V. Radhakrishnan (Deceased) Vs The Government of Tamil Nadu - Hon'ble HC Madras reiterated the guidelines of the Hon’ble Apex Court for recovery from Employees /pensioners, where payments have mistakenly been made by the employer, in excess of their entitlement.

HC Madras (2024.04.26) in V. Radhakrishnan (Deceased) Vs The Government of Tamil Nadu, [W.P.Nos. 32280 of 2017 and 14243 of 2020] reiterated the guidelines of the Hon’ble Apex Court in State Of Punjab & Ors vs Rafiq Masih (White Washer) for recovery from Employees /pensioners, where payments have mistakenly been made by the employer, in excess of their entitlement;.

  • (i) Recovery from employees belonging to Class-III and Class-IV service (or Group C and Group D service). 

  • (ii) Recovery from retired employees, or employees who are due to retire within one year, of the order of recovery.

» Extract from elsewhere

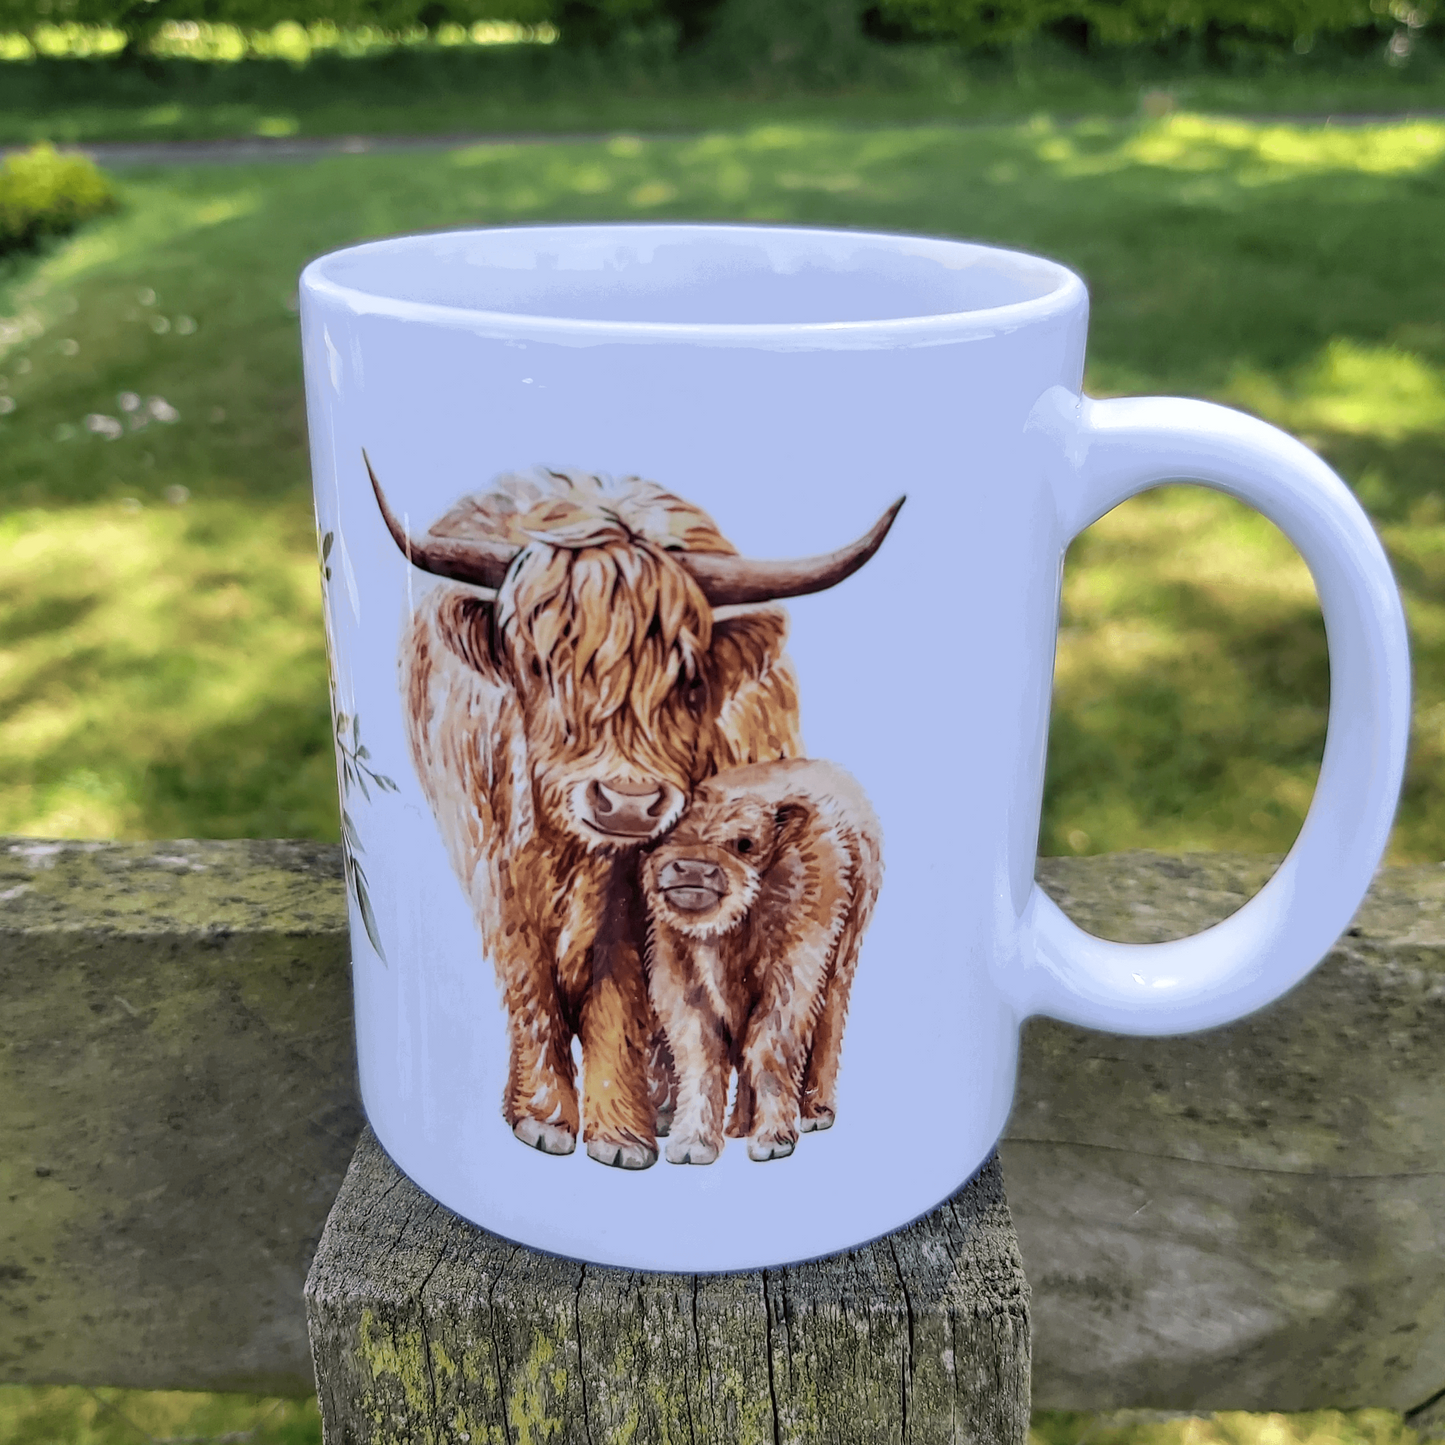 Highland cow and flower mug - Sew Tilley

  • (iii) Recovery from employees, when the excess payment has been made for a period in excess of five years, before the order of recovery is issued.

  • (iv) Recovery in cases where an employee has wrongfully been required to discharge duties of a higher post, and has been paid accordingly, even though he should have rightfully been required to work against an inferior post.

  • (v) In any other case, where the Court arrives at the conclusion, that recovery if made from the employee, would be iniquitous or harsh or arbitrary to such an extent, as would far outweigh the equitable balance of the employers right to recover.


Excerpts of the order;

Writ petition is filed under Article 226 of the Constitution of India for issuance of a Writ of Certiorarified Mandamus, to call for the records pertaining in Na.Ka.No.831/2017/A3 dated 01.03.2017 issued by the second respondent, quash the same and direct the second respondent to continue to pay the revised family pension to the petitioner and thus render justice.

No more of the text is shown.